Women are taking over Wilton’s Music Hall for a four-day festival to “put the gender balance” into traditional south Asian performance culture.

East London Advertiser: Iconic auditorium of Wilton's, the oldest surviving music hall in the country, possibly the world. Picture: Wilton'sIconic auditorium of Wilton's, the oldest surviving music hall in the country, possibly the world. Picture: Wilton's (Image: Wilton's)

The ‘Women in Music’ festival is being staged at Whitechapel’s iconic Grade II-listed Wilton’s, the oldest surviving music hall in the country.

It opens on Monday with a conference at 2.30pm on inequality in the Asian music industry, with women from the arts world, finance, funding and the music business brought together by Sama arts network.

The arts of South Asia are male-dominated, given the patriarchal framework of the cultures, the arts network points out. This needs “the occasional intervention to give women artists their due”, it says.

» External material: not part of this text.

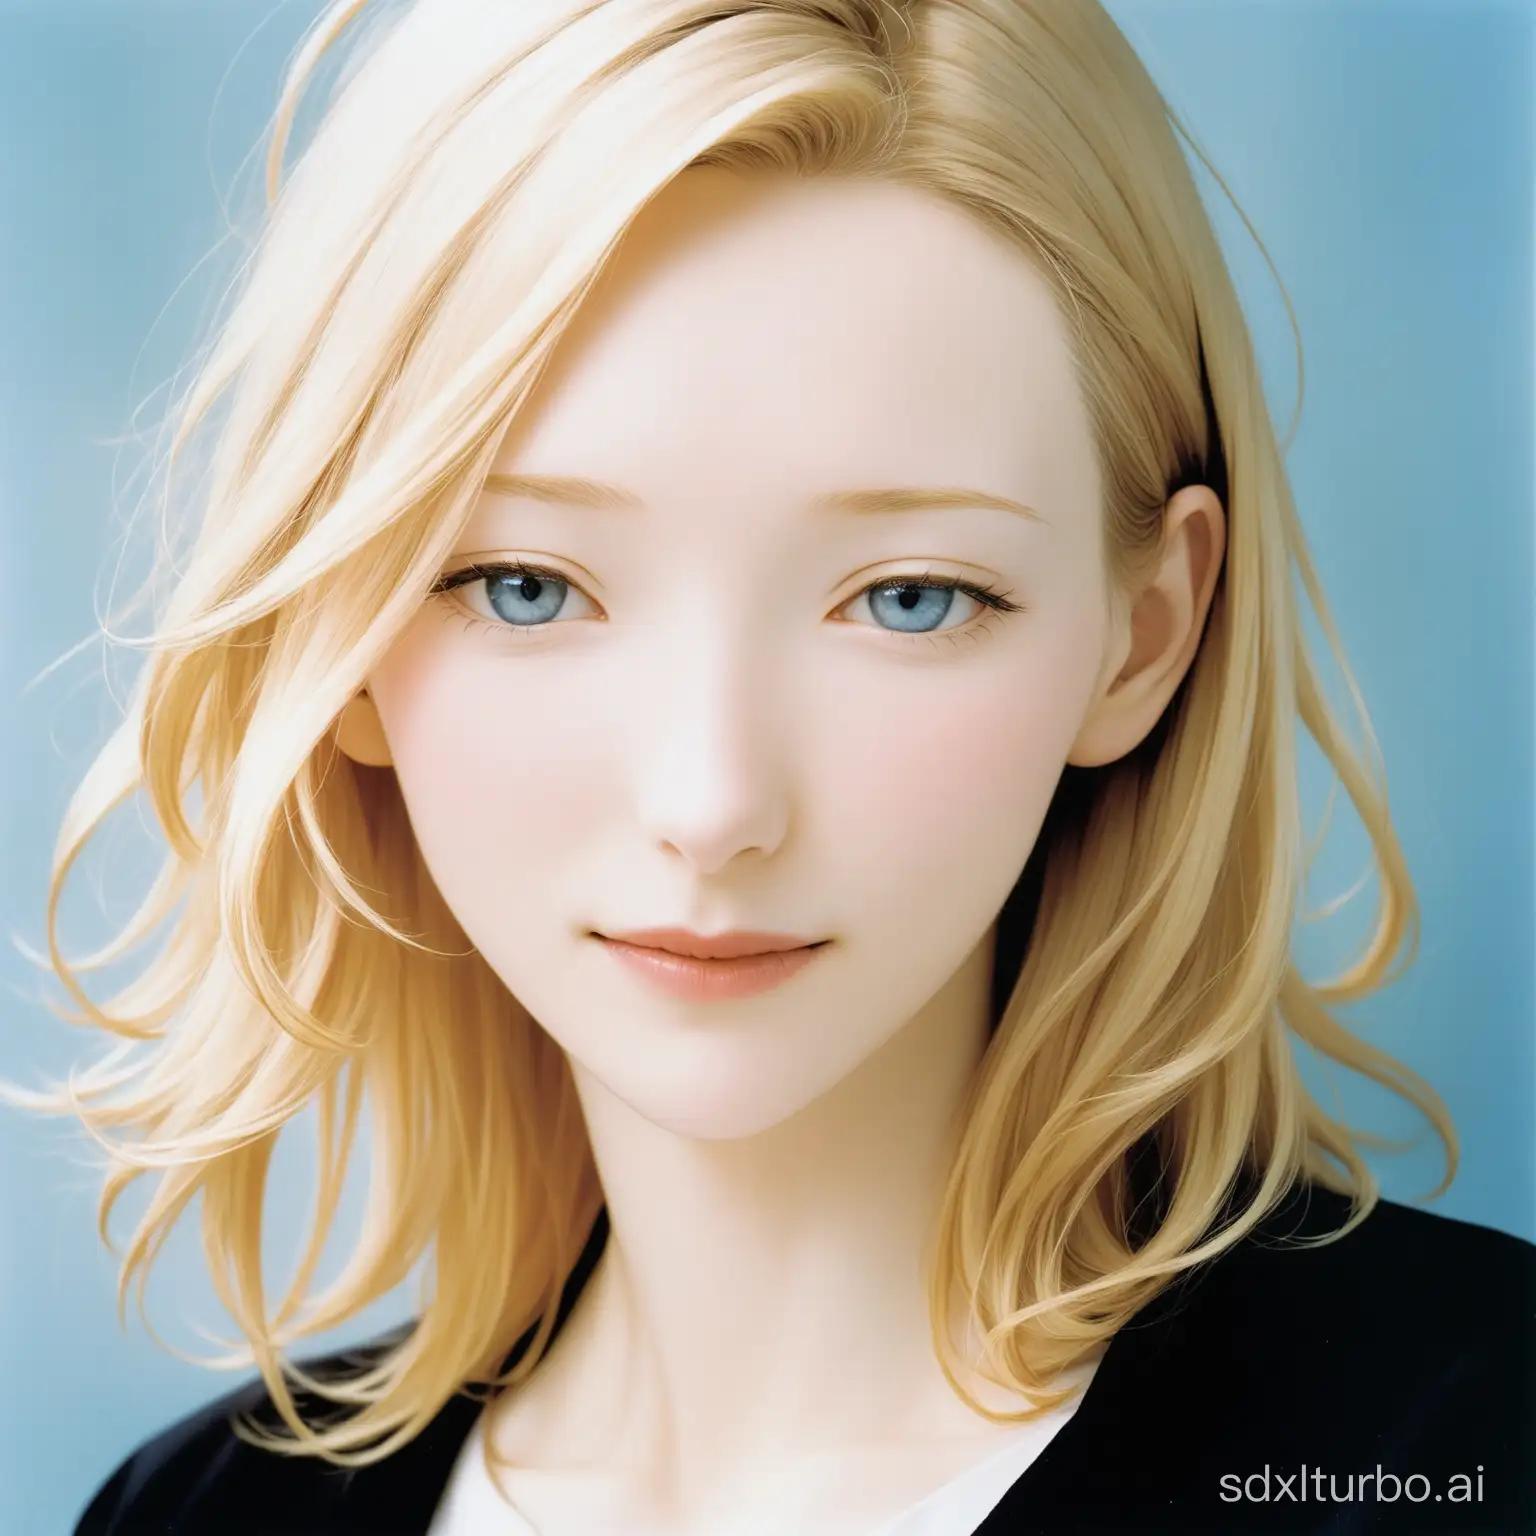 inko Kawauchi's photographic portrait of Cate Blanchett, upper body, about 19 yo

Tough questions about the role of women in British Asian communities are being asked through music about traditional perceptions of gender roles.

Monday’s conference at the music hall in Grace’s Alley, off Cable Street, is followed by four evening concerts from August 13 to 16 at 7.45pm.

Events include pianist and composer Zoe Rahman and Royal College of Music professor Patricia Rozario, acclaimed in jazz, contemporary and classical fields.